╔══
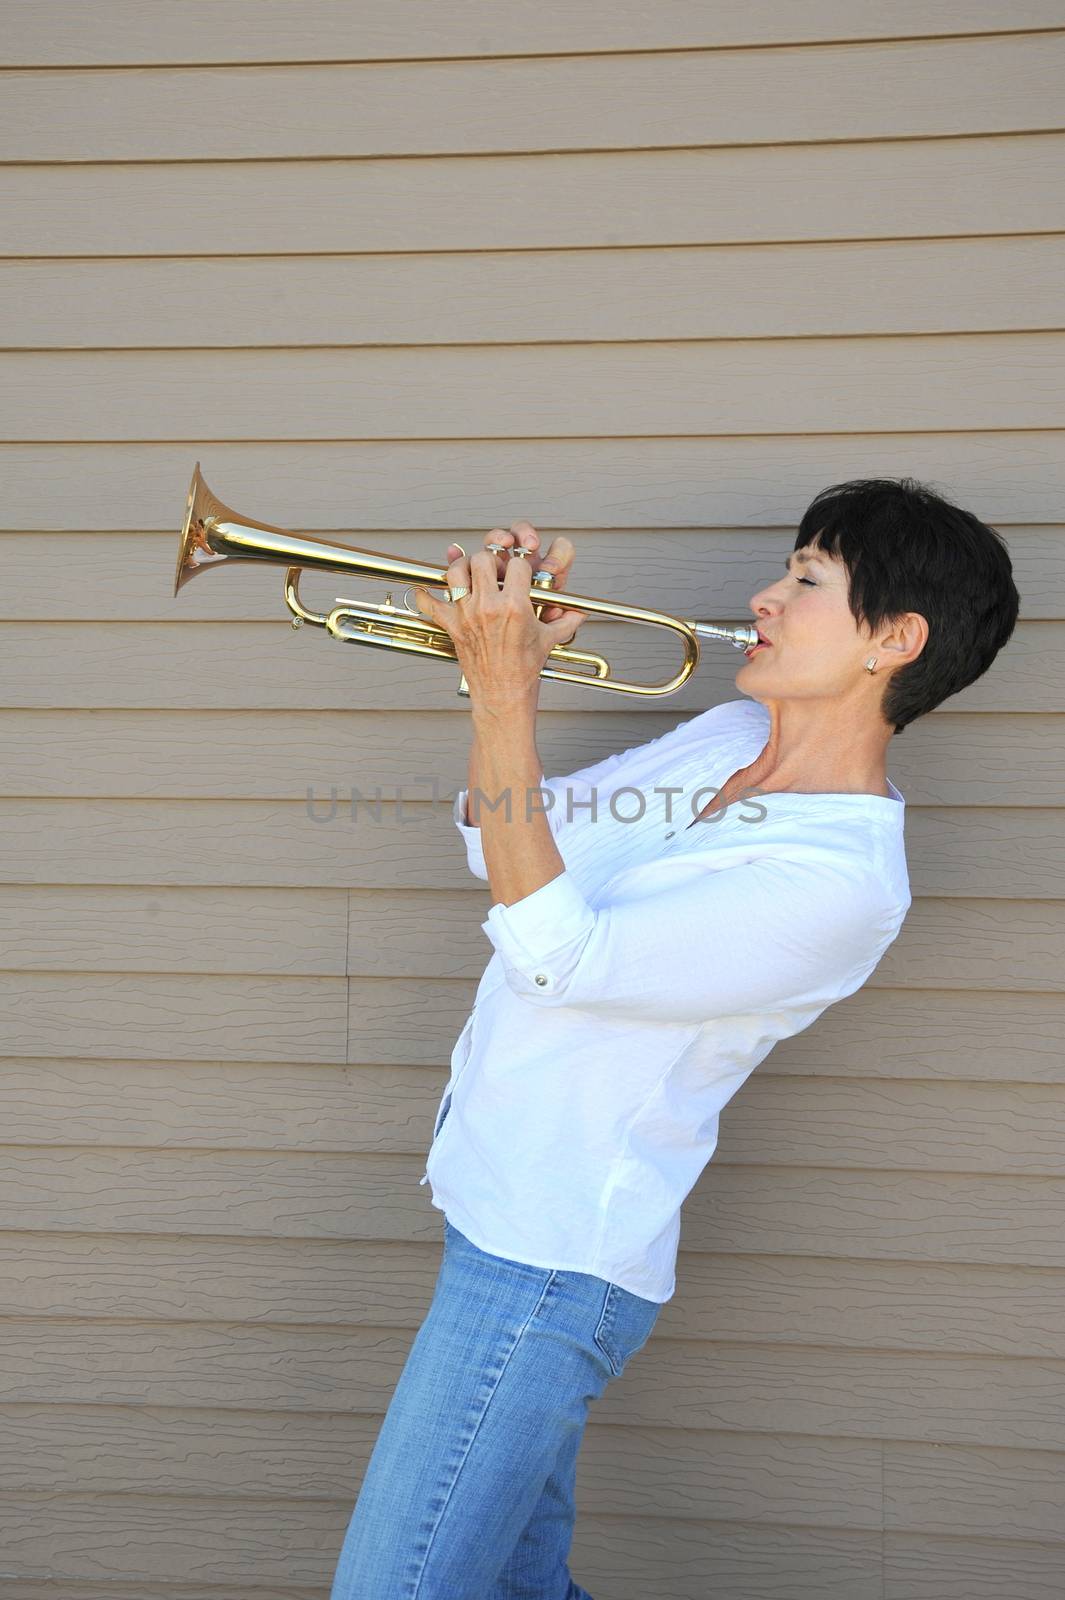 Female trumpet player. by oscarcwilliams
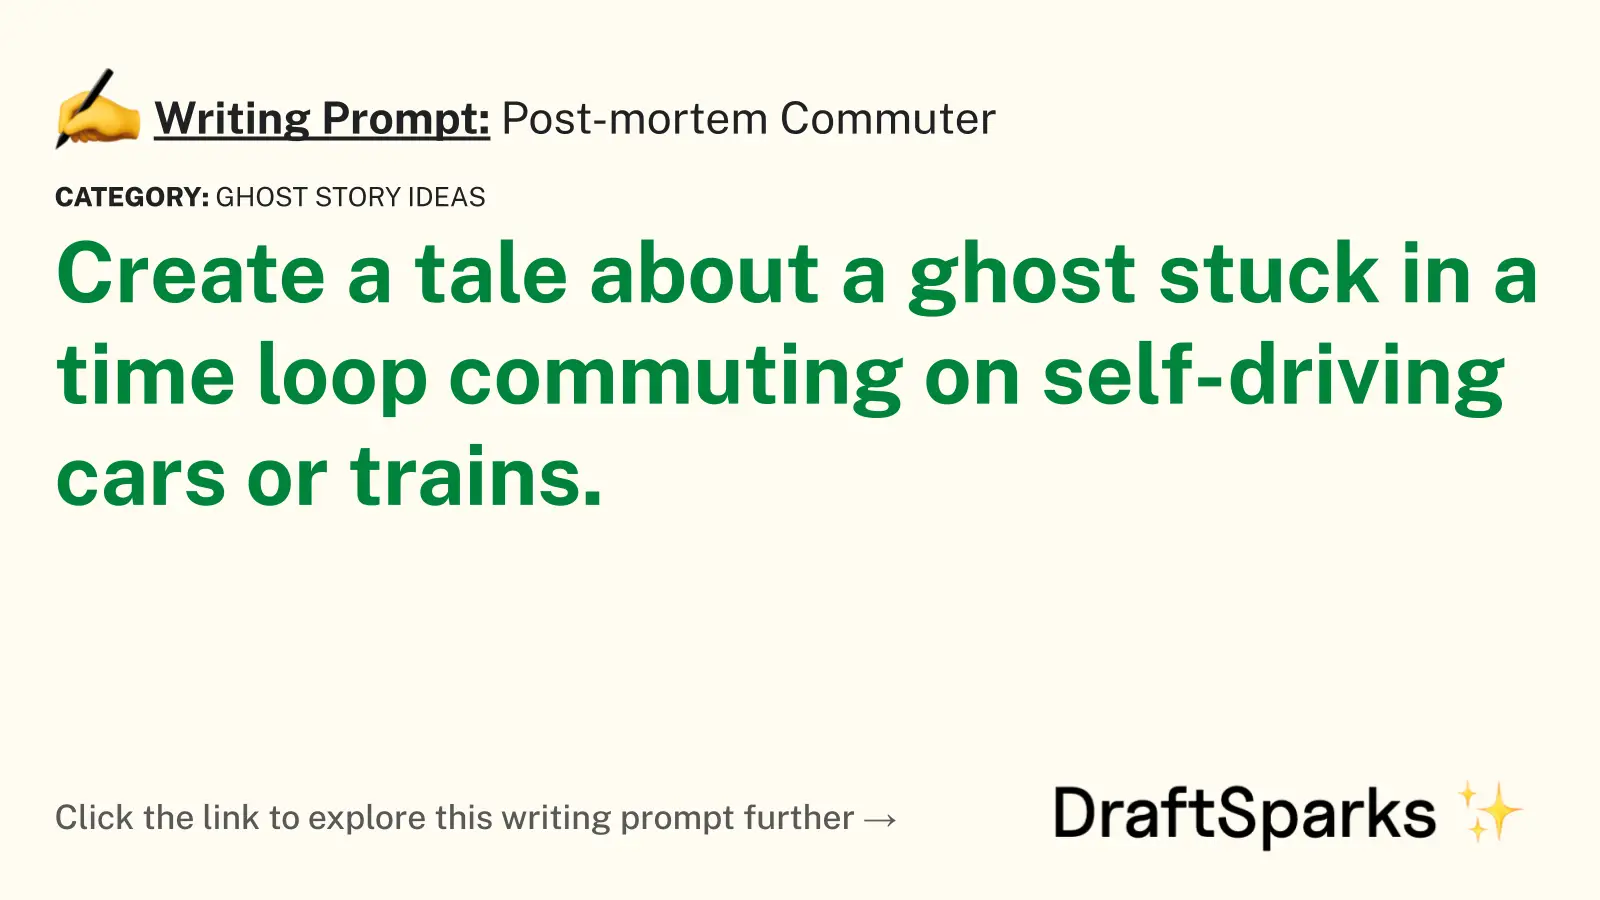 Post-mortem Commuter
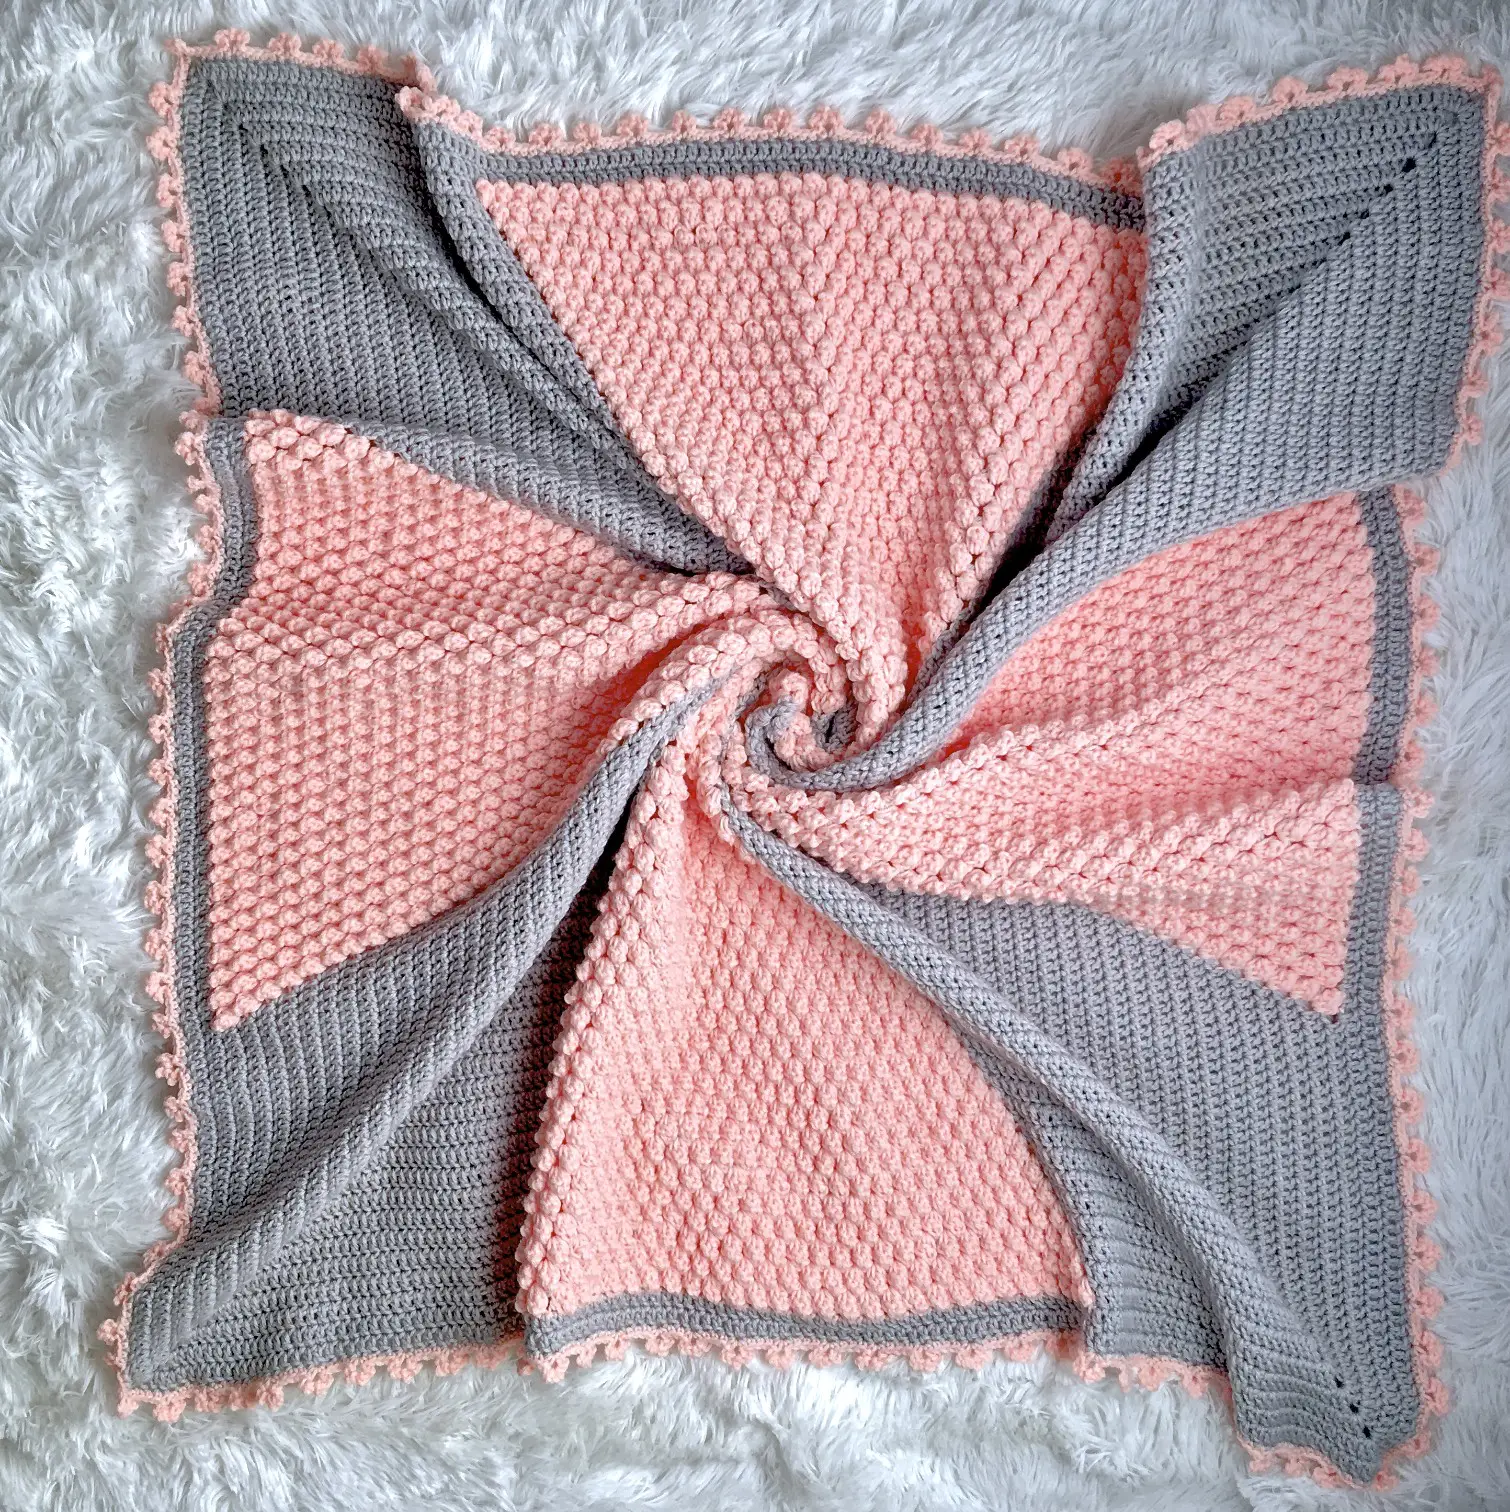 Cross My Heart Baby Blanket free crochet pattern
╚══
Extract all the data above exactly, excluding every picture.

◆ **Answer for the task**
 Female trumpet player. by oscarcwilliams
 Post-mortem Commuter
 Cross My Heart Baby Blanket free crochet pattern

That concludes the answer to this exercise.